2) I had one of those little surface transducer jobbies that you can stick to a plastic cup and play your iPhone through. Stuck it on the headstock of the guitar, stuck the guitar in the stand, ran the guitar through an all-pass filter and a loud amp model and routed that output to the "Boombox". Automating the all-pass filter has much the same effect as waving the guitar around in front of the amp. I applied a random LFO to that, hit record, and walked away for a half hour. Came back, switched guitars...until I'd recorded every electric in the house feeding back randomly. This runs under the entire song, along with some organ drawbar fuckery. You don't actually have to listen to it to get feedback, but it's anything but silent! Some of the high strings would take off and be ringing through the whole house. At one point we were afraid it might wake the baby. It does actually work for fretted notes, too. You can play with the thing and it works a lot like a loud amp in the room. If, that is, you can stand to have a cable hanging off the wrong end of your guitar. I kinda can't, and haven't found a suitable solution.

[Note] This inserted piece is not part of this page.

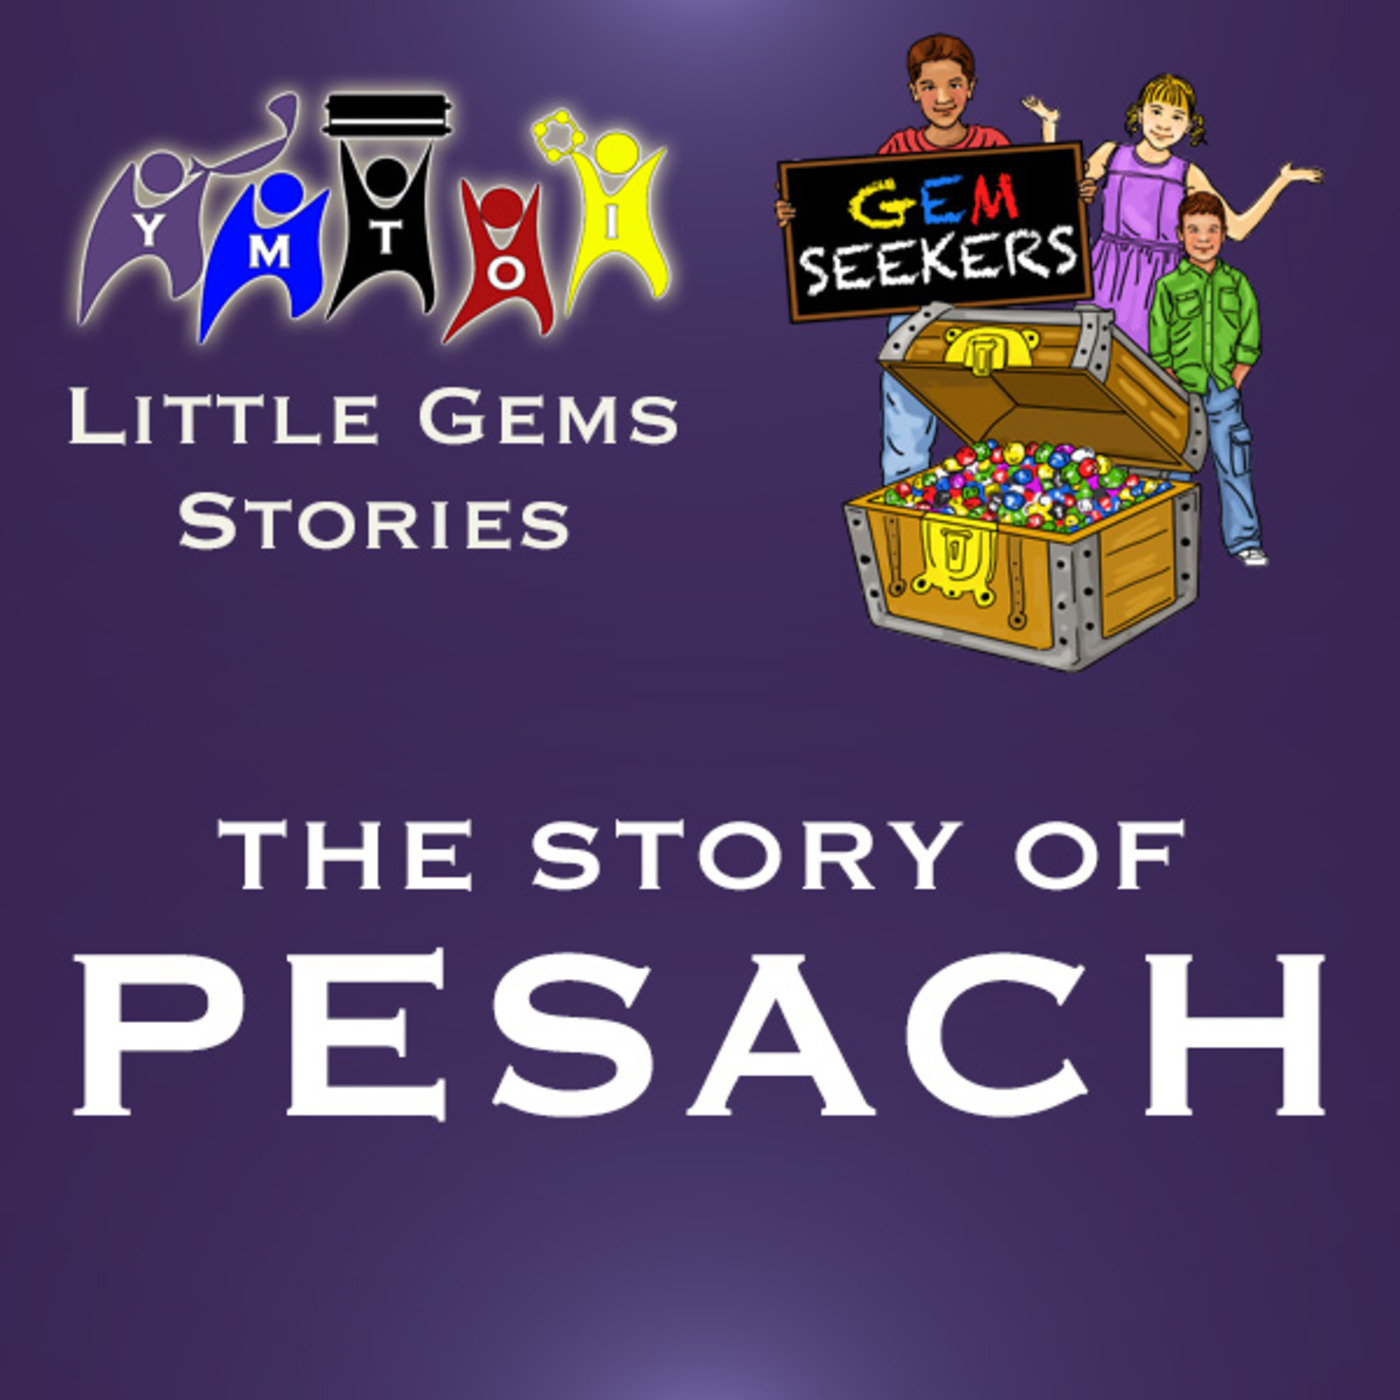 Episode 732: YMTOI Little Gems Stories Pesach/Chag HaMatzot Edition | The Story of Pesach

Here's one that you'll love, I'm sure: All of the feedback in
Nothing came from splitting my signal to my Diseased Dire Rat and then to
my AC4. So then you ask why I didn't just stick a mic in front of the AC? Well, it didn't actually make the sound I wanted when it gave me the feedback I wanted. And that is part of the fun part. You can record the DI and track and run it through whatever you want afterwards. You can get real string feedback out of crystal clean amps without having to evacuate the neighborhood. It does usually want some amount of compression because some of the good stuff happens when one or two strings are just barely ringing out, but the possibilities really are endless.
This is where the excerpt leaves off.